Here "gold" means the comment #22 results, "actual" means the Saxon 9.2 results. Clearly the product that produced the comment #22 results differs from Saxon in its handling of the character 8232 (x2028, the Unicode line separator character). This character has a special meaning in XML 1.1 so there may be legitimate differences here.

Saxon is still showing the same three differences from the CVS reference results as reported in comment #15

Comment 23 Andrew Eisenberg 2010-09-08 18:52:18 UTC

At the Sept. 8 XML Query/XSL WG meeting, I was asked to remove test case fn-doc-23, and I have just done so.

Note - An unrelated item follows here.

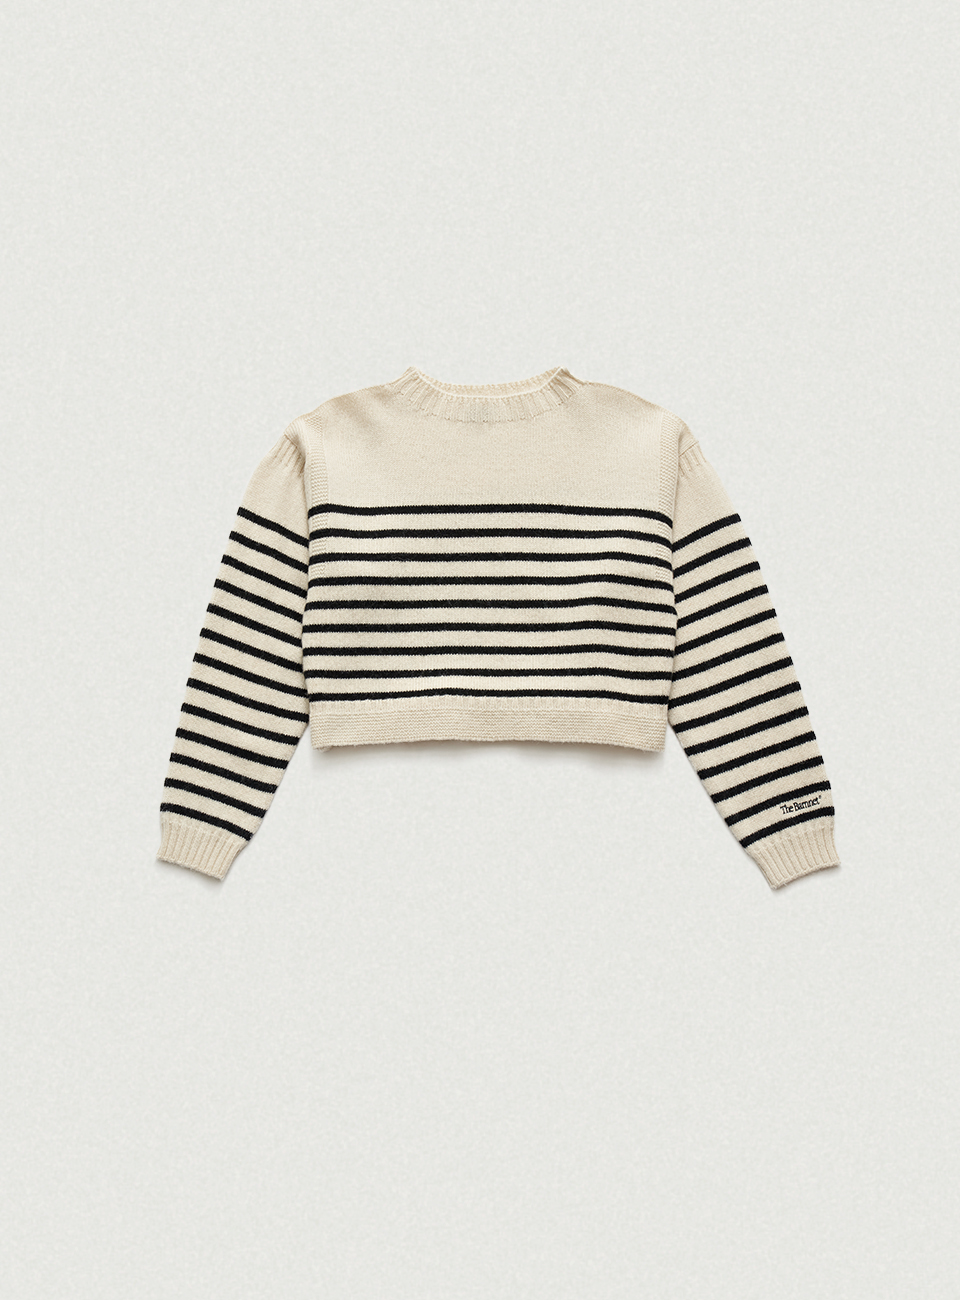 Shetland Marine Striped Knit Sweater [10/6부터 순차 배송]

Work on this item will resume after we have published XQTS 1.0.3 and collected our implementation results for the family of XQuery/XPath PER documents.

Comment 24 Norman Walsh 2011-02-23 20:24:00 UTC

Moving it over to Andrew until such time as it resurfaces.

Comment 25 Andrew Eisenberg 2011-02-23 22:16:52 UTC

I've got nothing new for this test case. I'll let Benjamin decide how to proceed.

Comment 26 O'Neil Delpratt 2016-03-22 14:49:25 UTC

I am closing this bug as I believe it has been resolved by removing the test case.